Following Monday’s flooding, which caused widespread damage to roads and utility systems and at least nine deaths across the region, many county residents were left without clean drinking water, forced to boil water until after the line breaks could be fixed and the Georgia Environmental Protection Division could certify the tap water as fit for human consumption. When the EPD gives the OK, Hendrix said, affected residents should know immediately that they can return to normal water usage, though there is currently no way to get the message out quickly.

Commissioner Trent North, a longtime member of the board, said the implementation of the siren system more than a decade ago was as far as the county has ever gotten in terms of an emergency alert system, and that simply isn’t far enough.

“There’s too much technology out there for the county not to have a mechanism to make citizens aware of what’s going on,” he said. “There needs to be a mechanism out there that does that.”

The city of Carrollton currently has a reverse-911 system that allows city administrators to place a single phone call that can go out to the entire city or to a block or to only a couple of houses. According to City Manager Casey Coleman, the system automatically banks numbers from the phone book into its database, giving the city numbers of all residents who have a land line.

Soon, the county may have something similar, with commission Chairman Bill Chappell announcing this week that the board will hear a presentation at its next meeting regarding a new phone system for the E-911 Department that would effectively serve as a reverse-911 system as well.
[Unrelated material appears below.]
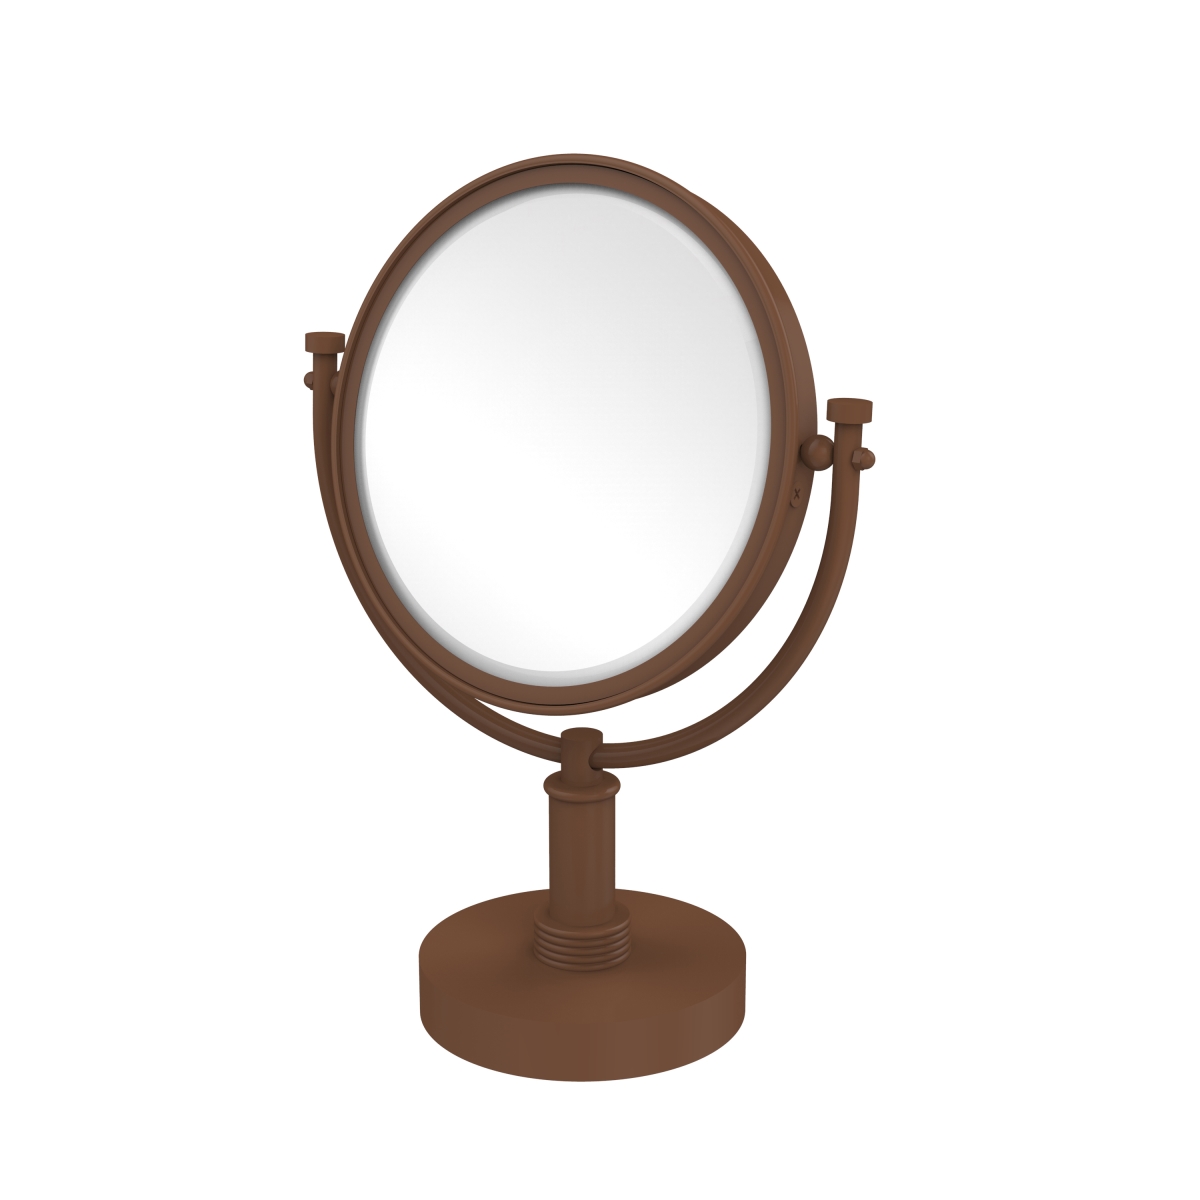 Dm-4g-2x-abz Grooved Ring Style 8 In. Vanity Top Make-up Mirror 2x Magnification, Antique Bronze

The Computer Aided Dispatch System, CAD for short, would give the county the ability to contact all those whose numbers are registered in the system and alert them of an emergency as well as giving them instructions about how to proceed.

It’s not known how much the system will cost or how long it will be before it could go online.

The next meeting of the board is on Oct. 6.
comments (1)
« pleasetellme wrote on Saturday, Sep 26 at 06:49 PM »
Why would the county board consider purchasing a new CAD system when the system that is in place now is less than 2 years old and could essentially do the same thing with a software upgrade, and where is the money going to come from to pay for it?